In other words, does our covariate interact with our predictors to predict our outcome?
Heterogeneity of Regression Assumption model! (i.e., fully interactive model)
m3 <- lm(hp ~ Transmission * (cyl4.8 + cyl6.48) * qsec, data = d) # qsec added as MODERATOR in this model, to check this assumption
summary(m3)##
## Call:
## lm(formula = hp ~ Transmission * (cyl4.8 + cyl6.48) * qsec, data = d)
##
## Residuals:
## Min 1Q Median 3Q Max
## -49.34 -10.85 0.00 12.41 41.10
##
## Coefficients:
## Estimate Std. Error t value Pr(>|t|)
## (Intercept) -1340.16 879.53 -1.524 0.1432
## Transmission -3219.55 1759.05 -1.830 0.0822 .

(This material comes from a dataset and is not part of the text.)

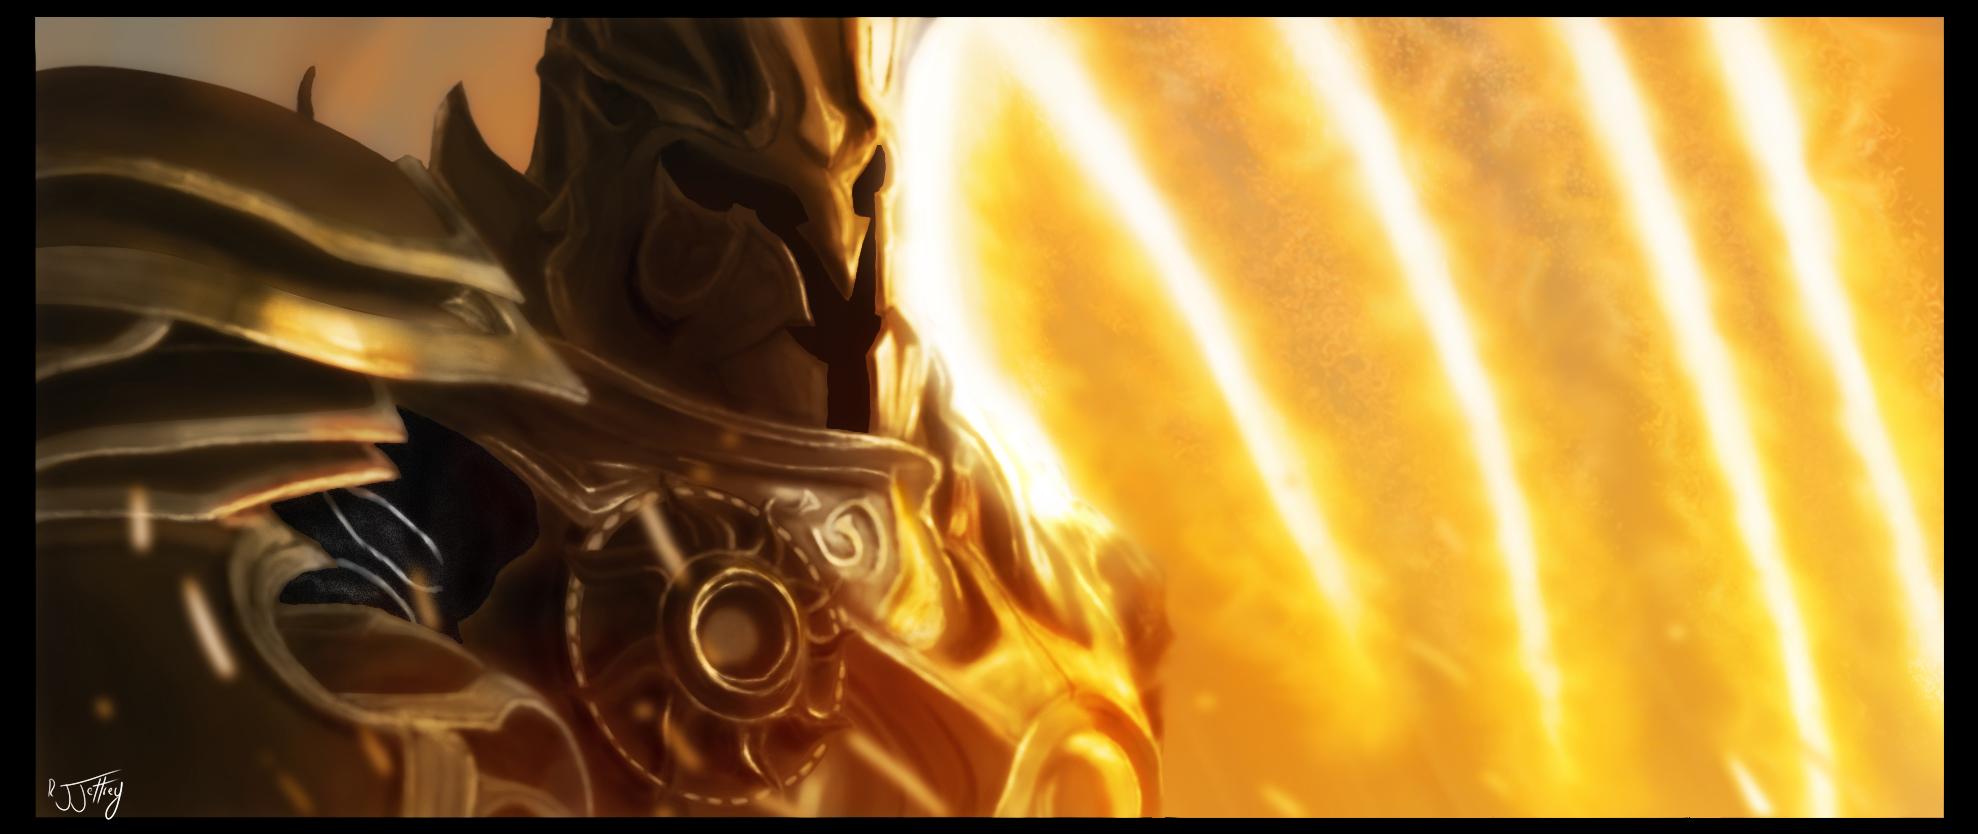 Diablo 3 - Imperius Attack by 3DPad

## cyl4.8 -4895.15 2625.91 -1.864 0.0770 .
## cyl6.48 2903.79 1338.11 2.170 0.0422 *
## qsec 104.70 60.31 1.736 0.0980 .
## Transmission:cyl4.8 -10886.16 5251.82 -2.073 0.0513 .
## Transmission:cyl6.48 5664.10 2676.22 2.116 0.0470 *
## Transmission:qsec 225.48 120.62 1.869 0.0763 .
## cyl4.8:qsec 348.92 180.33 1.935 0.0673 .
## cyl6.48:qsec -199.04 91.37 -2.178 0.0415 *
## Transmission:cyl4.8:qsec 746.59 360.66 2.070 0.0516 .
## Transmission:cyl6.48:qsec -390.64 182.74 -2.138 0.0451 *
## ---
## Signif. codes: 0 '***' 0.001 '**' 0.01 '*' 0.05 '.' 0.1 ' ' 1
##
## Residual standard error: 25.48 on 20 degrees of freedom
## Multiple R-squared: 0.9109, Adjusted R-squared: 0.8619
## F-statistic: 18.6 on 11 and 20 DF, p-value: 3.79e-08
Look at all the significant interactions that qsec has with our other predictors! This is a violation of our assumption, so qsec would not be an appropriate covariate in this model. Clearly works better as a moderator!
Also look at the effect of transmission in this model: It has increased in significance slightly, such that it’s now a marginal effect (.05 < p < .1). So we get a clearer picture of how these variables are related to each other.